If you do decide to go back with him to see if he has indeed changed, make sure you know what you want out of your marriage and him. Maybe take a look at the books linked to in my signature block below for building a passionate marriage. They teach a lot about what we should all really be doing to build a good marriage. See if he will read them an agree to live by them.

I do not know how the advice in the books fit with your culture, but really it's all about respect and treating each other well. I would think that would fit any culture.

If you keep answering his calls this will go on and on. Maybe you are just not done with him. Because when we are done with someone we don't answer their calls. 

Remember it's your life. No one can tell you how to live it.


----------



## ferndog

hi amanda hope you are doing great, here's something that may help you. I feel you are getting pressured into a decision that can affect the rest of your life. Maybe tell him to stop calling you until he has changed. people don't change overnight. I was depressed for a long time and have 4 months trying to get my life in order. It's a long journey. So tell him to you need time and space to think and that his pressure is driving you away. this will give you time to think about your future. good luck you are not alone


----------



## AmandaC

EleGirl said:


> In the end you have to do what you are comfortable with. So what I, your mom, him or anyone else says you can take and think about. But in the end you have to live with the decisions you make.
> 
> If you do decide to go back with him to see if he has indeed changed, make sure you know what you want out of your marriage and him. Maybe take a look at the books linked to in my signature block below for building a passionate marriage. They teach a lot about what we should all really be doing to build a good marriage. See if he will read them an agree to live by them.
> 
> I do not know how the advice in the books fit with your culture, but really it's all about respect and treating each other well. I would think that would fit any culture.
> 
> If you keep answering his calls this will go on and on. Maybe you are just not done with him. Because when we are done with someone we don't answer their calls.
> 
> Remember it's your life. No one can tell you how to live it.


Hi Elegirl,

Thank you. But i really don't look forward to building a passionate marriage.

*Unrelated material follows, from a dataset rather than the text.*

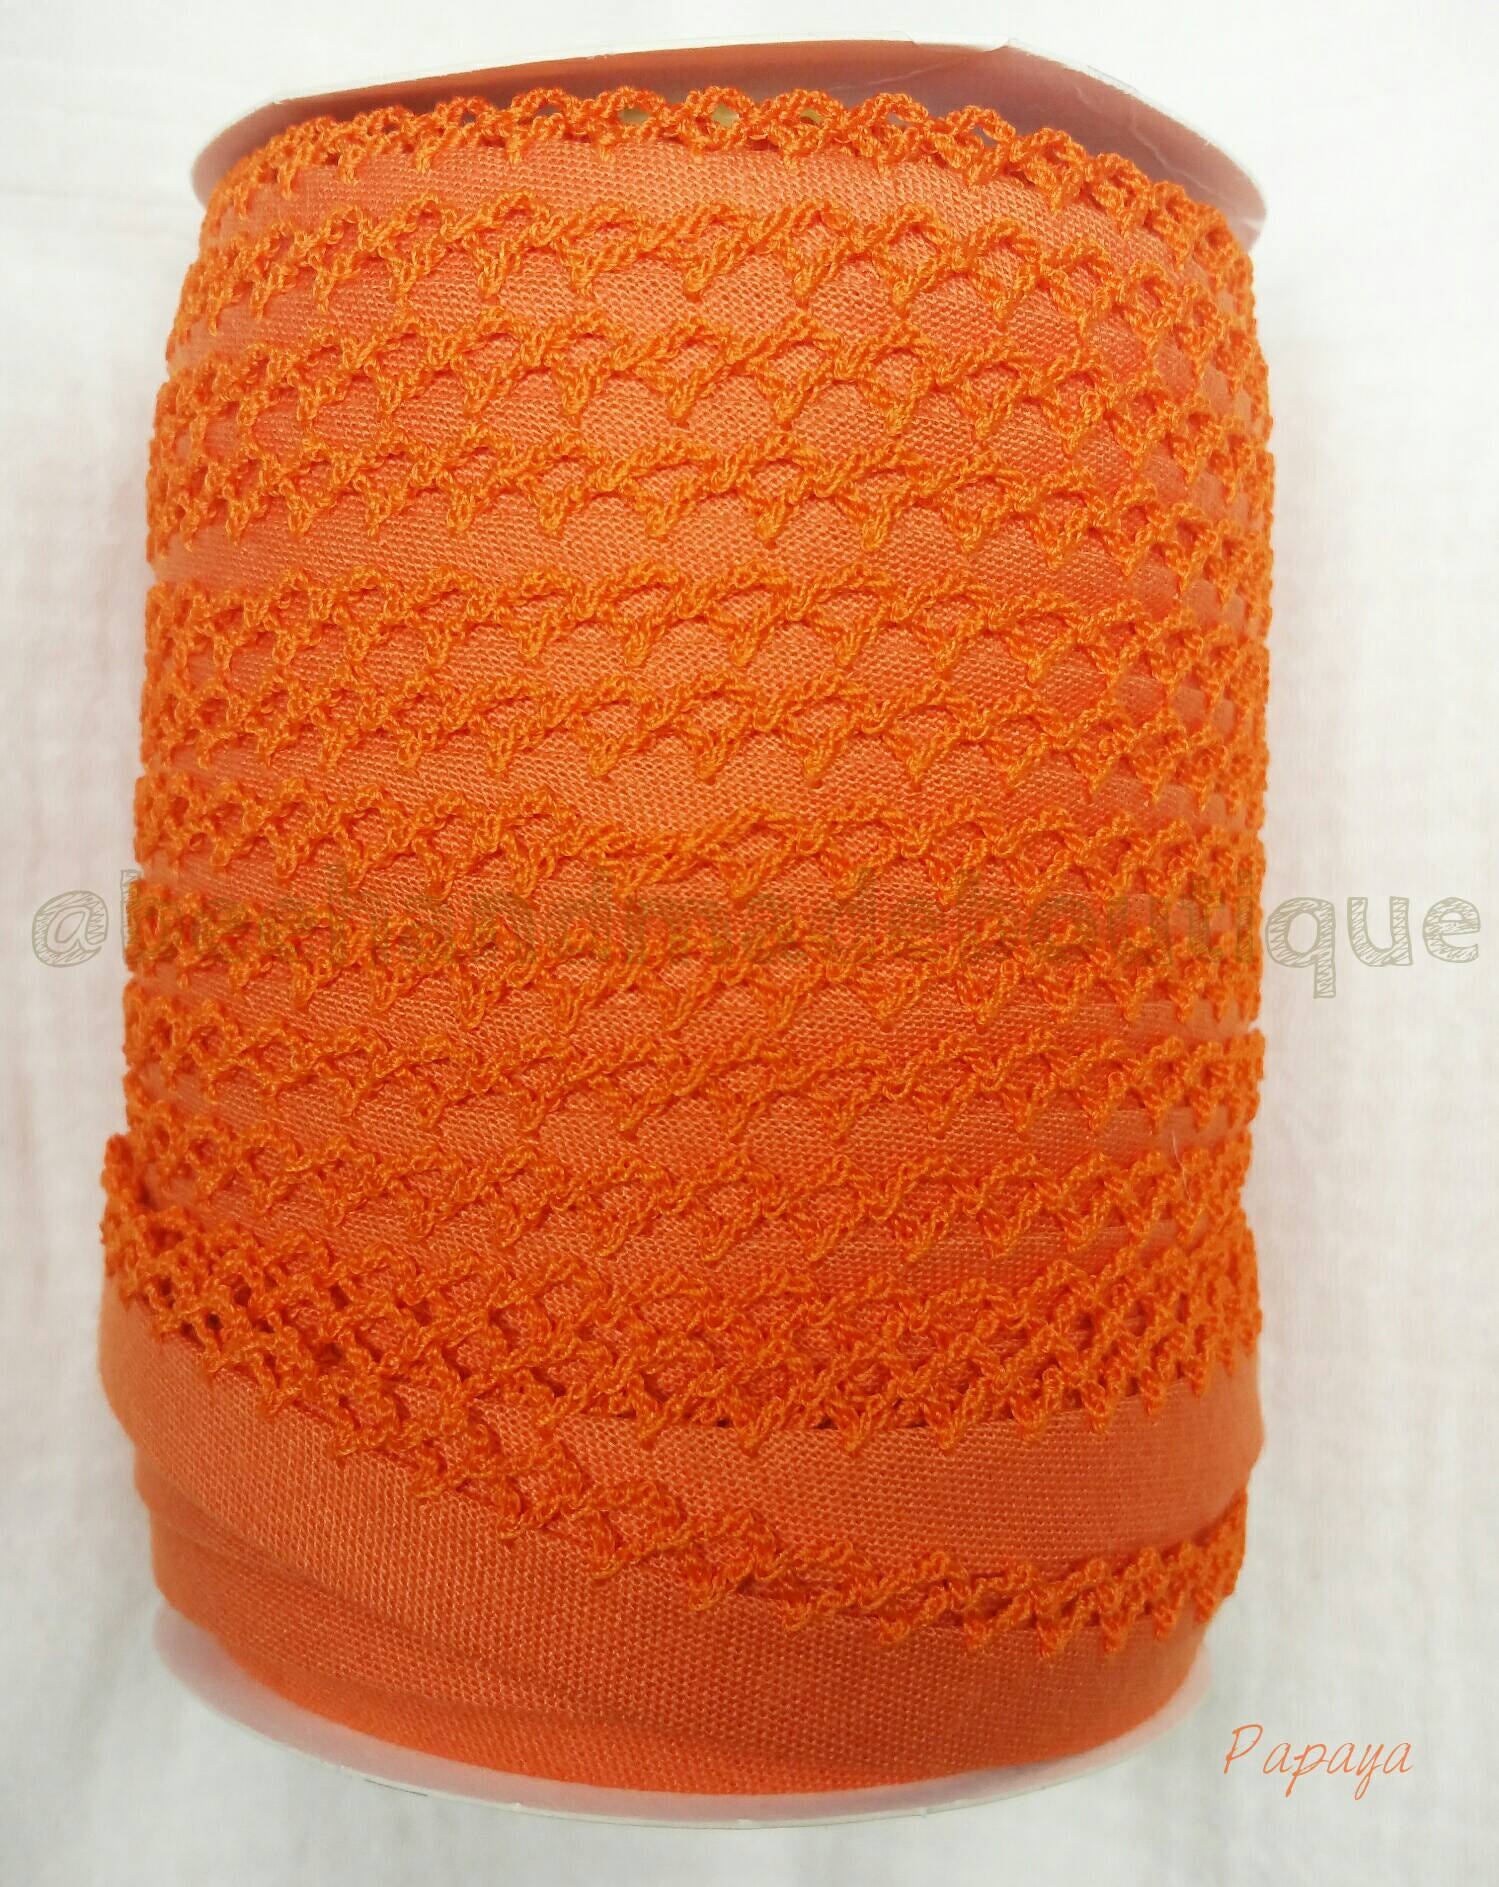 Orange Crochet Bias Tape, Double Fold Crochet Edge Bias Tape, Picot Edge Bias Tape, Quilt Binding, PAPAYA Crochet Bias Tape, Bias Binding

It is just a big compromise. I do not and will never love him anymore. Its just that I don't want to feel guilty one day 

For me, it will be pretending to be happy. Of course, i will not make him feel that i am not happy. ga

It is so tiring sometimes. I just feel like giving up my life.

Regards,
Amanda


----------



## AmandaC

ferndog said:


> hi amanda hope you are doing great, here's something that may help you. I feel you are getting pressured into a decision that can affect the rest of your life. Maybe tell him to stop calling you until he has changed. people don't change overnight. I was depressed for a long time and have 4 months trying to get my life in order. It's a long journey. So tell him to you need time and space to think and that his pressure is driving you away. this will give you time to think about your future. good luck you are not alone


Thank you for your advice, Ferndog.

But its almost been 1 and a half years of seperation. And its wearing me out being in limbo.


----------



## Uptown

Amanda, I agree with EleGirl and FernDog that you should do what you are comfortable with and put the guilt aside. And I suggest you read this article at T9 Surviving a Break-up with Someone Suffering with Borderline Personality Disorder - Columbia University, New York to see if it describes your H's behavior. It describes people who are unable to trust and are always convinced they are victims. Take care, Amanda.


----------



## AmandaC

Uptown said:


> Amanda, I agree with EleGirl and FernDog that you should do what you are comfortable with and put the guilt aside. And I suggest you read this article at T9 Surviving a Break-up with Someone Suffering with Borderline Personality Disorder - Columbia University, New York to see if it describes your H's behavior. It describes people who are unable to trust and are always convinced they are victims. Take care, Amanda.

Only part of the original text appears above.